Since her childhood, Alla Wolf-Tasker has appreciated the importance of genuine hospitality. Photo: James Boddington
THE Russian dacha, or summer house, is a seasonal escape from the pressures of urban life. Tolstoy, Dostoevsky and Turgenev wrote about dachas, of course, and Alla Wolf-Tasker, with her Russian heritage, has long romanticised them - even now, decades after her parents bought one for £500. Not in Russia, mind, but near Daylesford's lovely lake.

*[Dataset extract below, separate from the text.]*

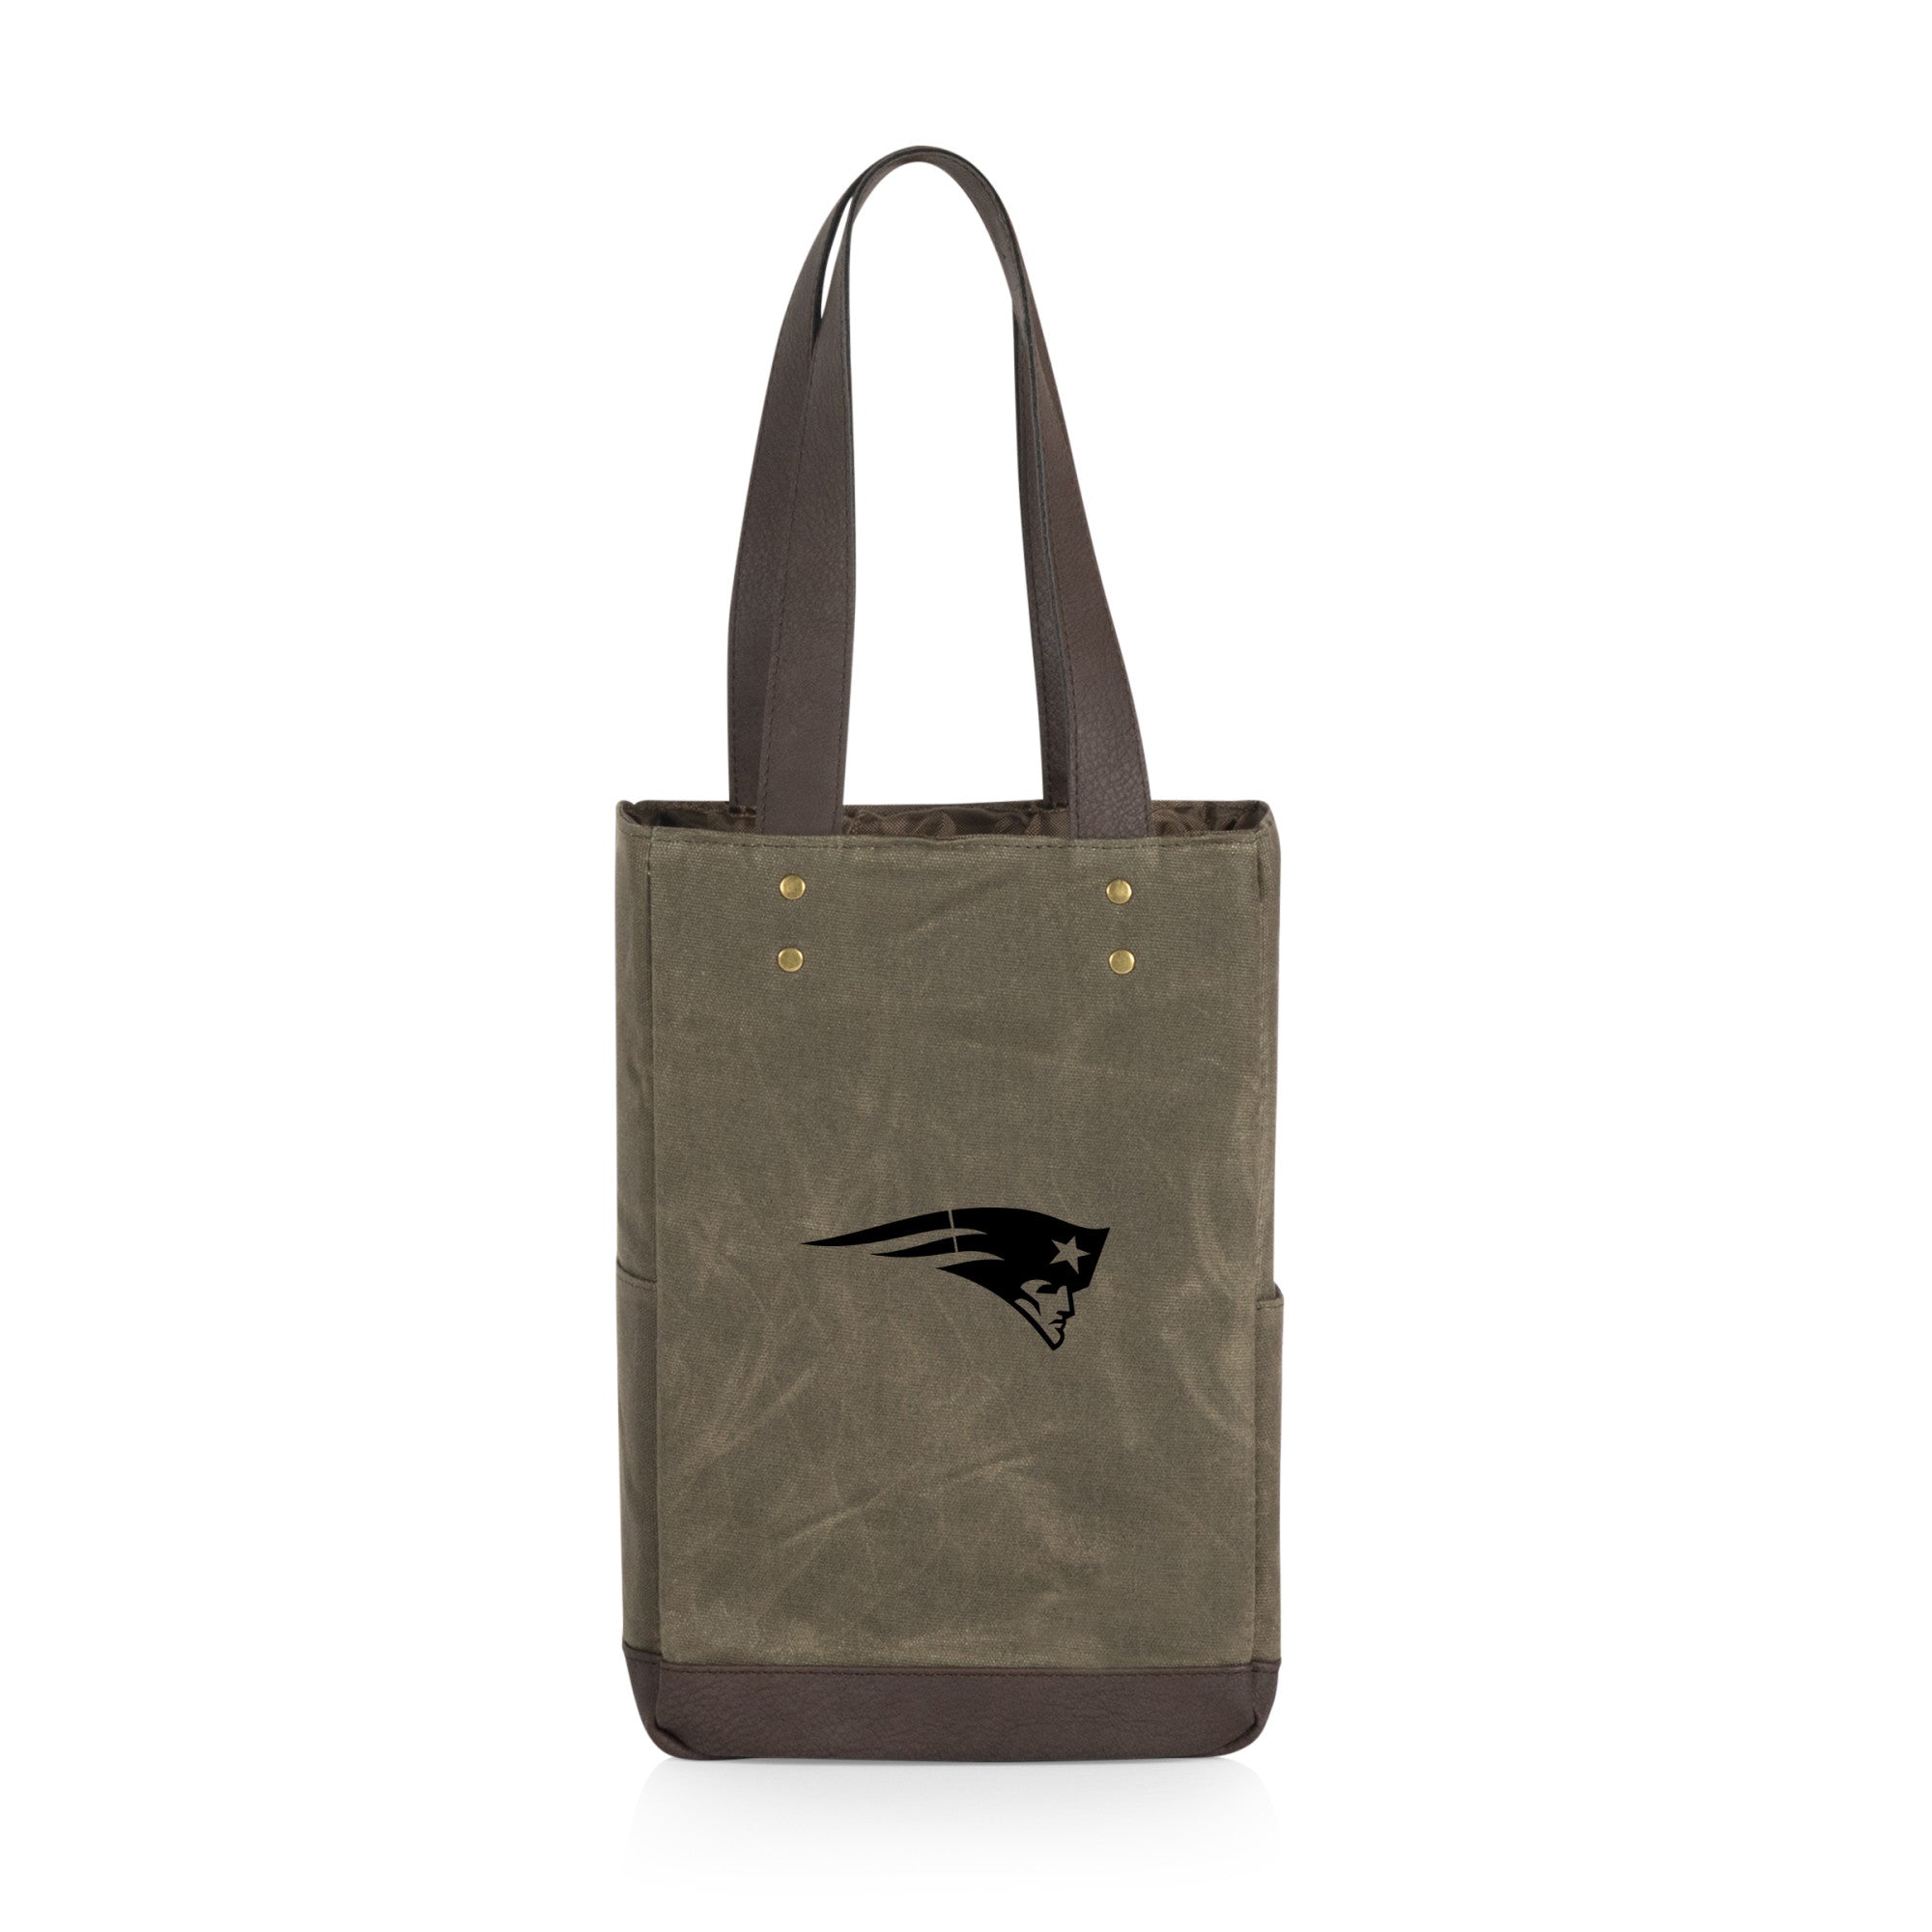 New England Patriots - 2 Bottle Insulated Wine Cooler Bag, (Khaki Green with Beige Accents)

The enormous bunch of herbs, leafy stalks and fragrant blooms she arrives with at Brooks restaurant has been freshly picked from the gardens at Lake House at Daylesford, where Wolf-Tasker presides over the much-loved kitchens and dining rooms. When she and her husband, Allan, bought the property in 1980, just down the hill from the dacha (actually a miner's cottage), it was a neglected paddock with a few gorse bushes, rusty car wrecks and land eroded by mining. In 1984, four years of hard work later, Lake House opened. Now, the kitchen gardens are resplendent and stringy barks tower over the place.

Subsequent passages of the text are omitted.